オアシスは、臨時株主総会で社外取締役の報酬をアップさせる3議案を株主提案しており、うち2議案が可決された。これにより社外取締役の基本報酬は1250万円となり、加えて株式報酬も受け取れることとなっていた。関係者によれば、「700万円程度だった社外の報酬は、2000万円ほどに増える」のだという。
真っ先にオアシス側に同調したのは、臨時株主総会で解任を免れた三品和広だった。三品は神戸大学大学院経営学研究科教授で、ニチレイ、不二製油、日本ペイントホールディングスの社外取締役を歴任してきた経営学者。前年に社外取締役に就任したばかりだった。三品を取り込んだ取締役会は、以後、スピーディにオアシスの要求に応えていった。
3月24日の取締役会では海野薫が議長に選定され、同時に嶋田亜子、三品、トーステンが指名・報酬諮問委員会に選定される。三品はその委員長に就いた。
この日の取締役会の様子を知るフジテックの元幹部は、こう証言する。
「三品の寝返りがすべてだった。緊急動議の議案のほとんどは5対4で可決された。この日、内山会長解任の議案も提出されたが、議事が混乱して採決に至らなかった。しかし、社長の岡田ら4人も結局は切り崩され、翌週の取締役会に持ち越された内山会長解任議案は、全会一致で可決された」
3月28日14時から開かれた取締役会で、内山会長解任が決議されると、すぐさま、三品をはじめオアシス側の5人の社外取締役は、内山の会長解任と新たに取締役議長と指名・報酬委員会の任命を報告し、声明を発表した。
〈我が国の上場会社に求められる最高水準のコーポレートガバナンスを忠実かつ確実に遵守するための第一歩〉
〈我々独立社外取締役5名は、(中略)ステークホルダーの皆様が抱くご懸念に対応するため、さらなる対策と改革を実行する所存です〉
同日、内山は取締役会に先立って、弁護士の河合弘之とともに東京・千代田区の司法記者クラブで会見を開いていた。オアシスやそのCIOのセス・フィッシャーに対して名誉棄損による損害賠償請求訴訟を提起するというものだった。内山は、オアシスが指摘した創業家とフジテックの公私混同の関連当事者取引について反論した。
「なんら違法なことはしていない。

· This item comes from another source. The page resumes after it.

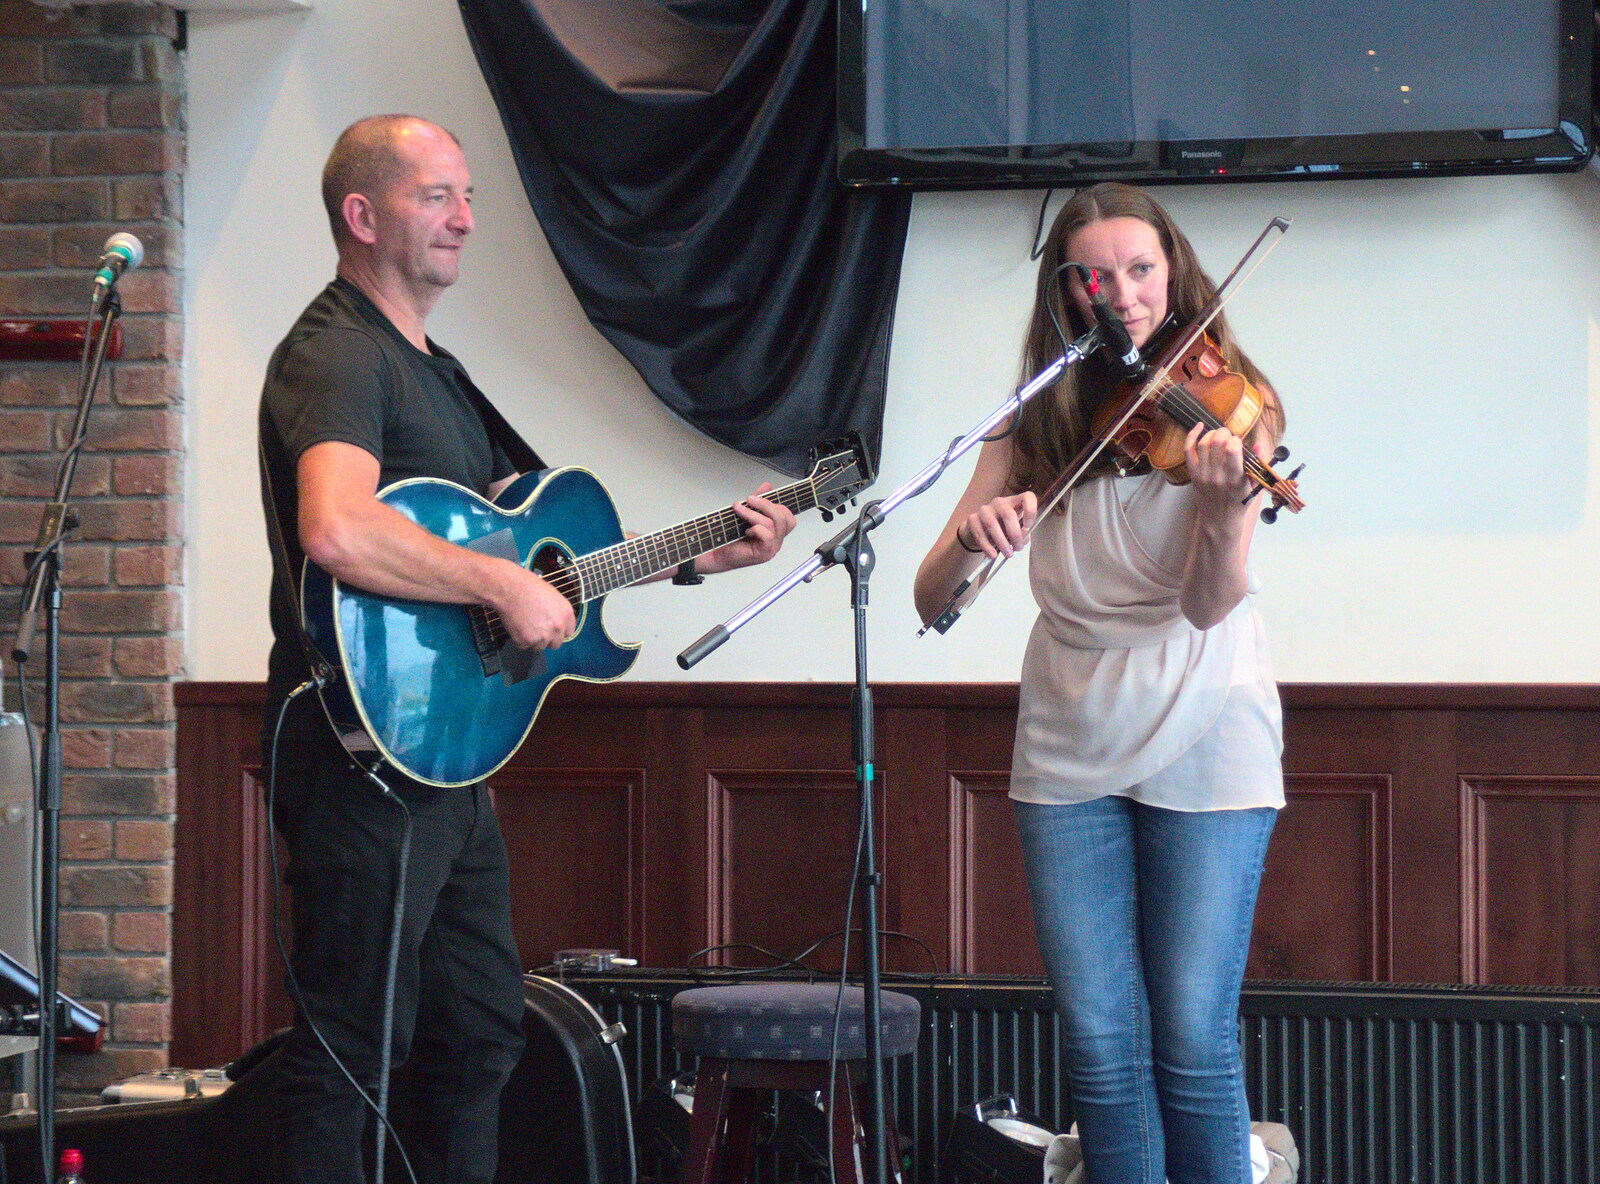 Guitar and fiddle from Liverpool to Baile an Sceilg, County Kerry, Ireland - 30th July 2017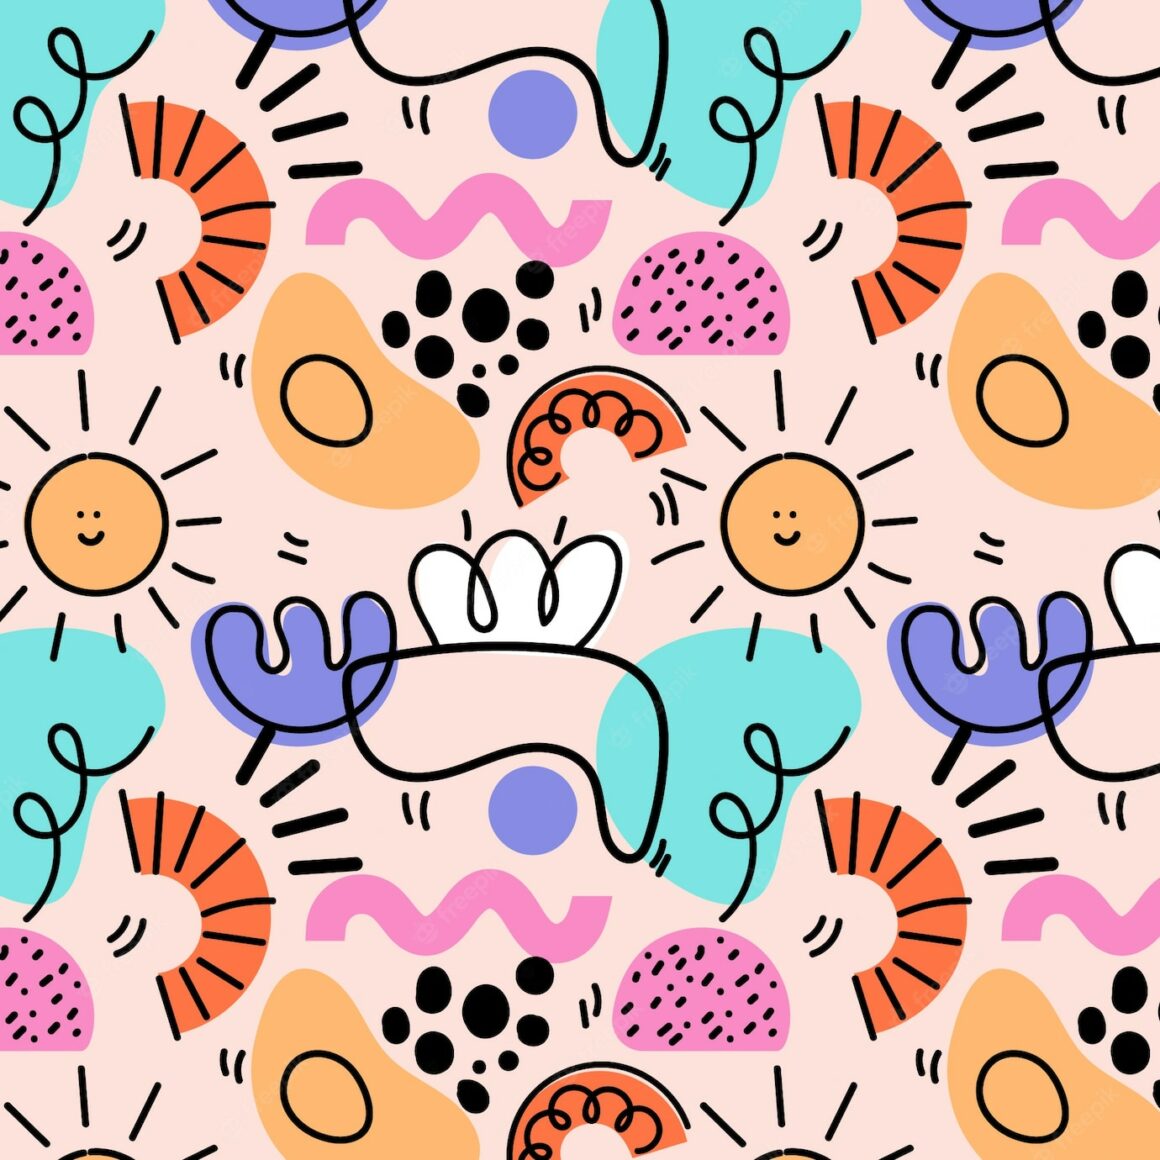 Hand drawn abstract doodle pattern

オアシスによる会社支配が進む現状を憂慮しており、あらゆる手段を講じる決意だ」
内山の決意は固かった。オアシスのネガティブキャンペーンに協力し内山を会長職から解任する共同不法行為を行ったとして、訴訟の対象は、海野や三品など社外5名にも広げられた。内山はオアシスらに総額15億4000万円の損害賠償を求め、会長解任を決めた取締役会決議の無効確認訴訟も起こした。
4月27日、自身が代表を務める資産管理会社ウチヤマ・インターナショナルなど、創業家株をかき集めて株主提案に打って出た。
攻守が逆転した創業家とアクティビストの攻防は、さる2023年6月21日に開かれた定時株主総会で「天王山」を迎えたのだった――。